Reproduce everything from the line that contains "0635a_Klein_Matterhorn_Aerial_Photo.jpg, 1,2MB" down to the line that contains "Wallpaper For > Cute Baby Panda Wallpaper" in the listing below, word for word and nothing more. Leave the pictures out.

● Supplied material:

┄┄┄┄┄┄

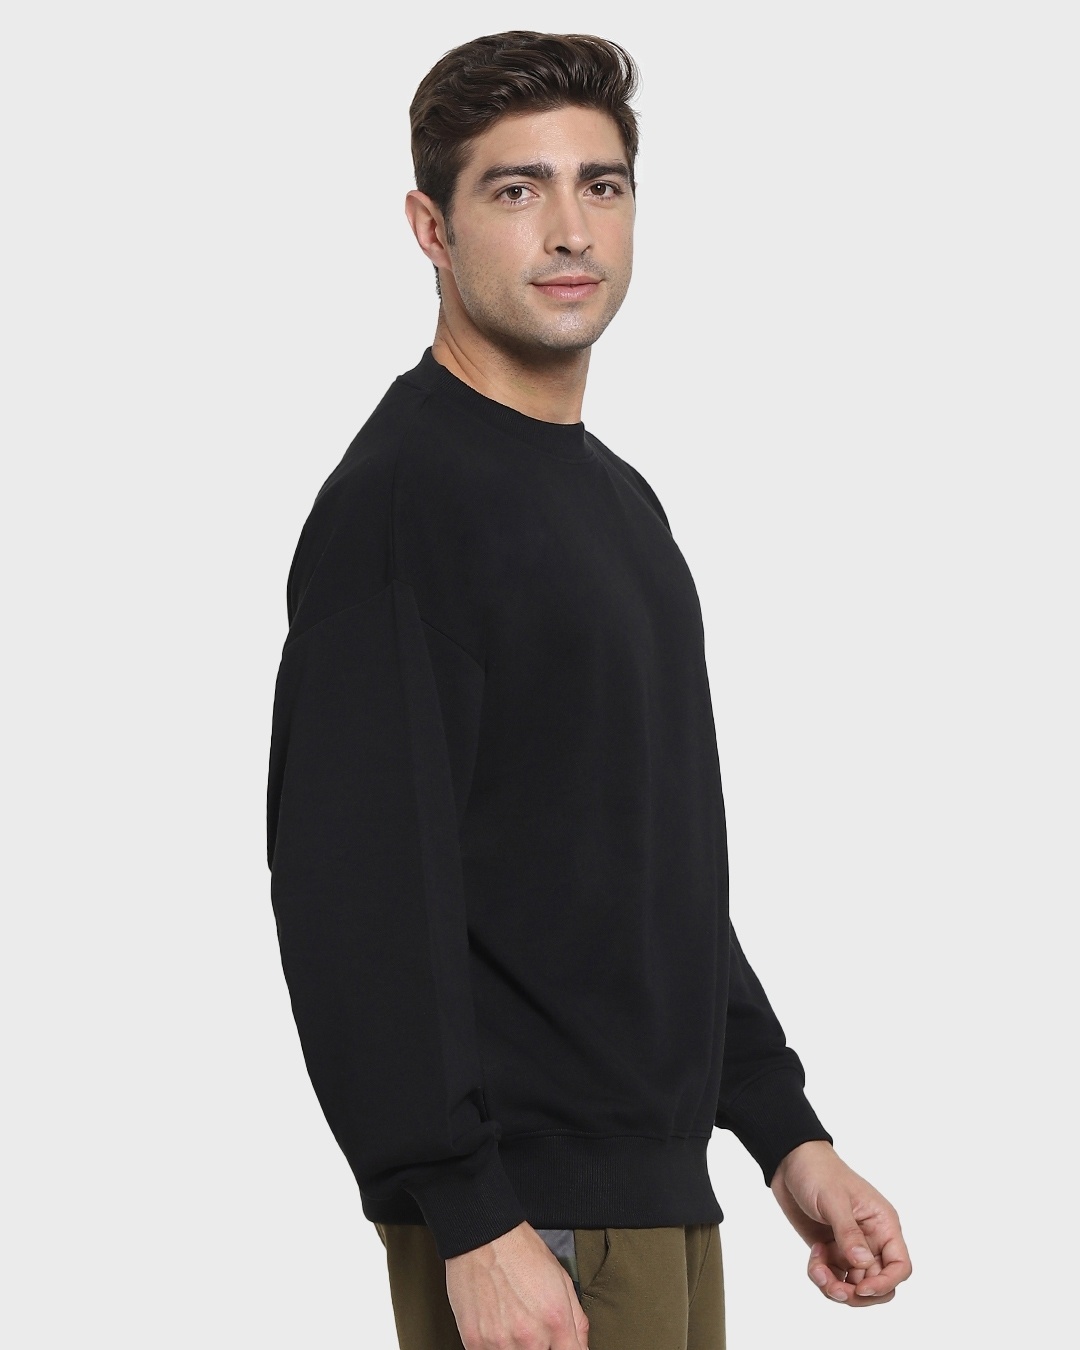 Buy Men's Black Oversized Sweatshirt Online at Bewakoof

┄┄┄┄┄┄

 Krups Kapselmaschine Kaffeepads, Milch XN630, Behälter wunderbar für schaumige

┄┄┄┄┄┄

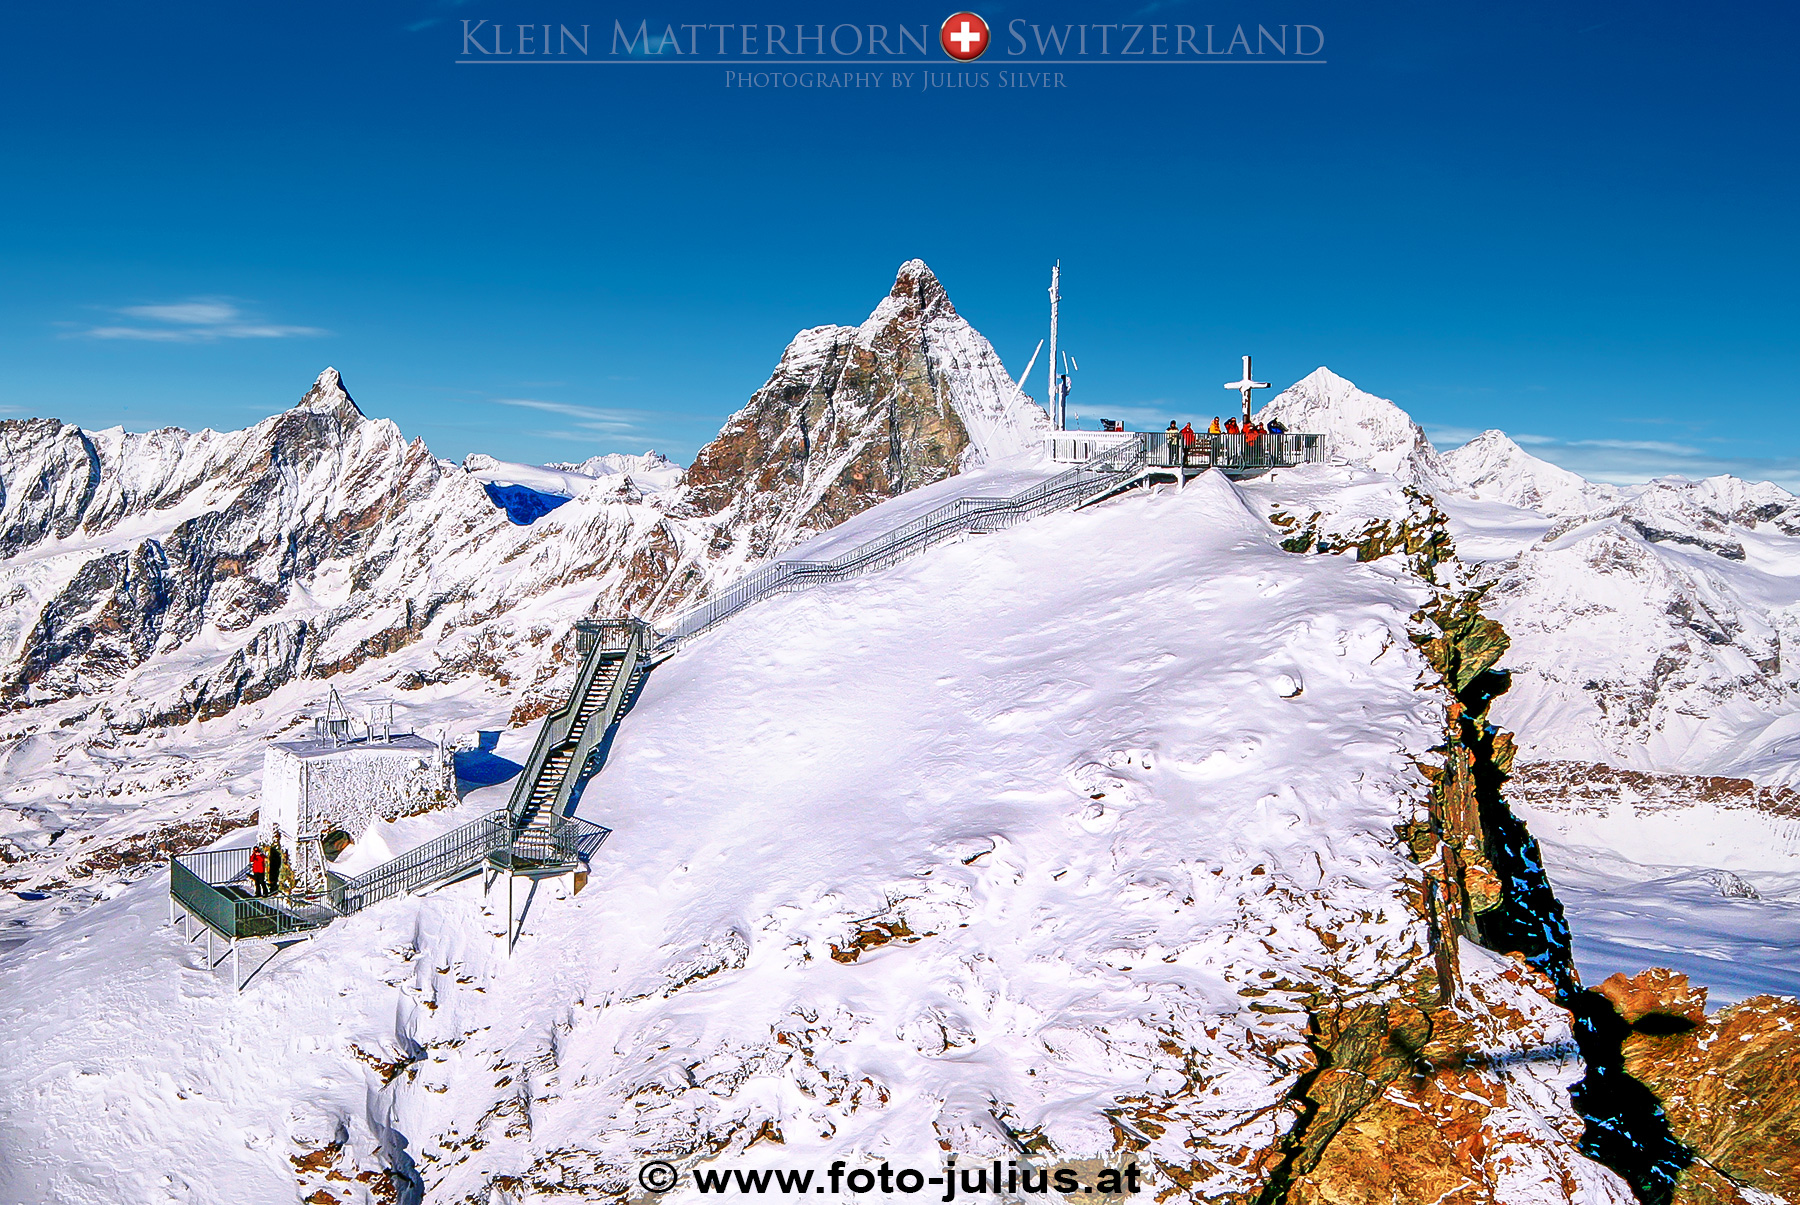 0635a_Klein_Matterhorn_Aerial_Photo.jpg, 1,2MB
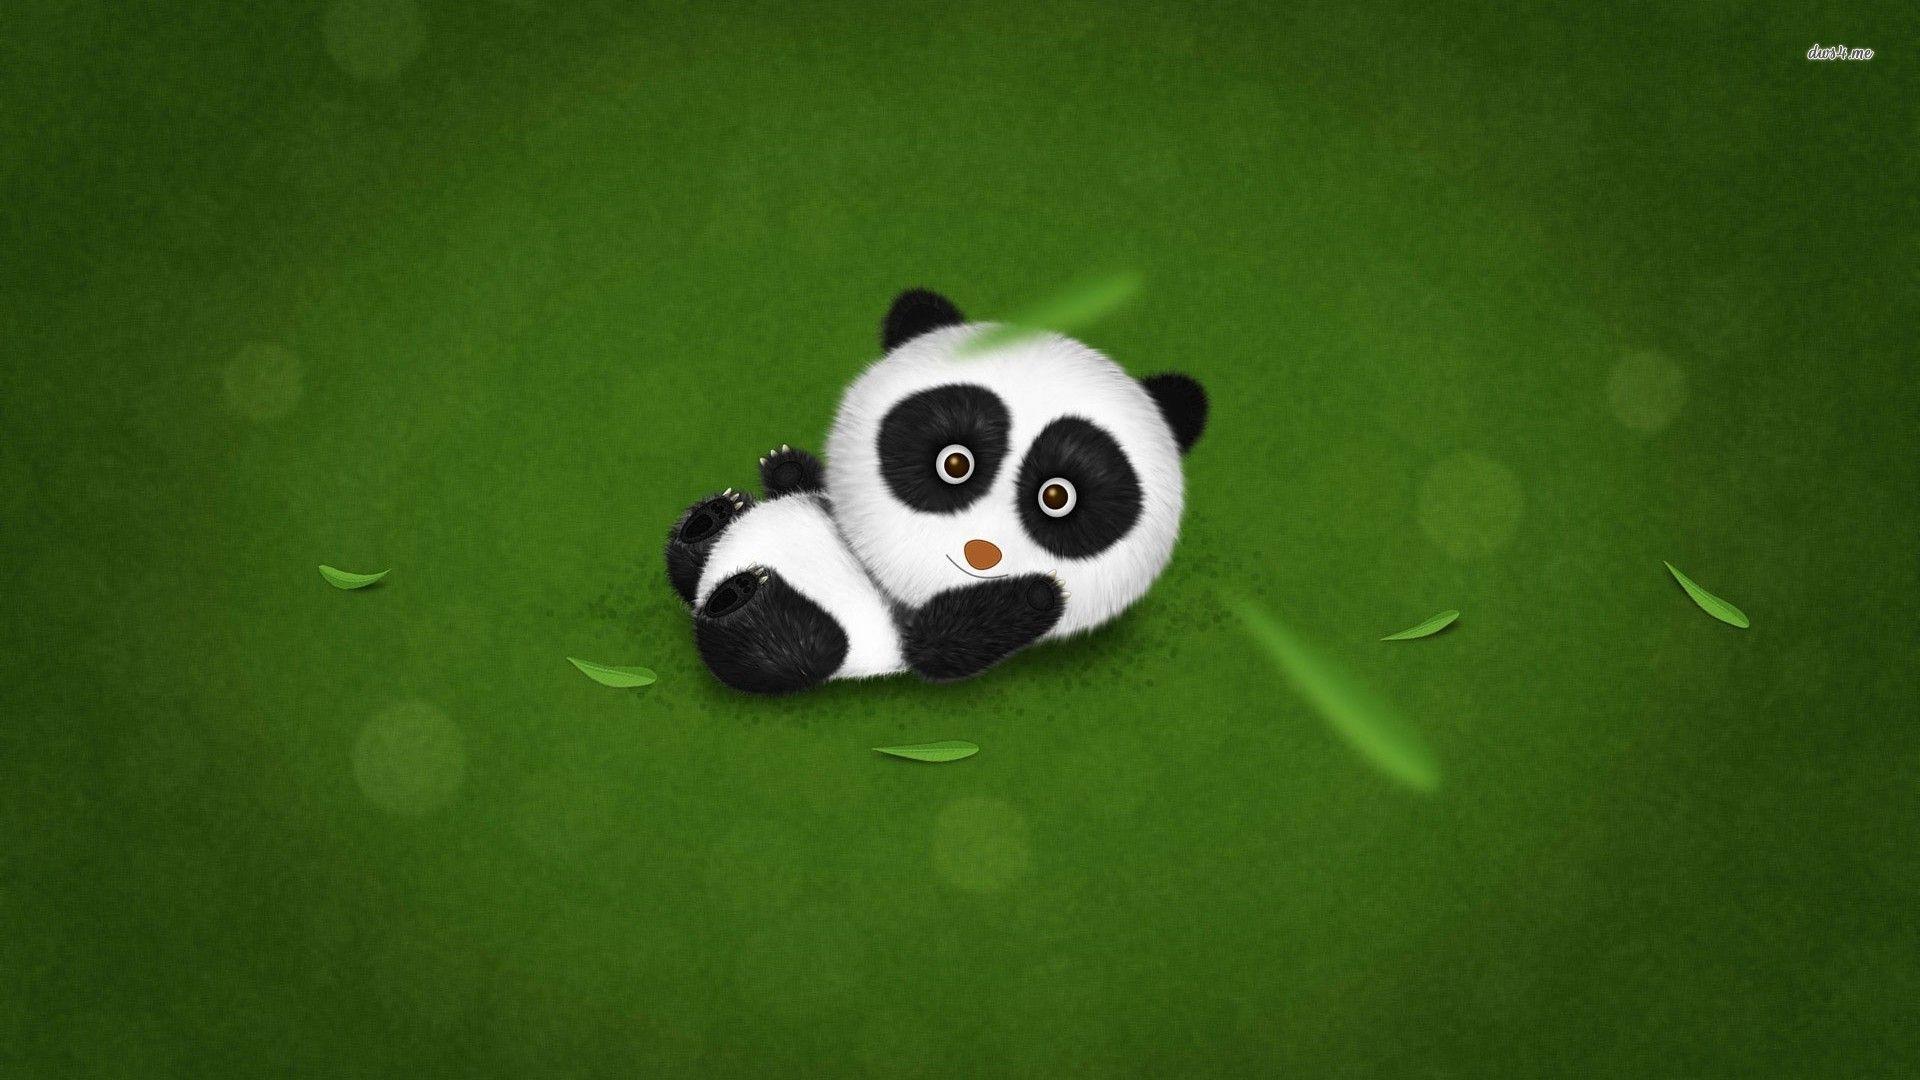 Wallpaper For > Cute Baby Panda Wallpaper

┄┄┄┄┄┄

● Answer box:
 0635a_Klein_Matterhorn_Aerial_Photo.jpg, 1,2MB
 Wallpaper For > Cute Baby Panda Wallpaper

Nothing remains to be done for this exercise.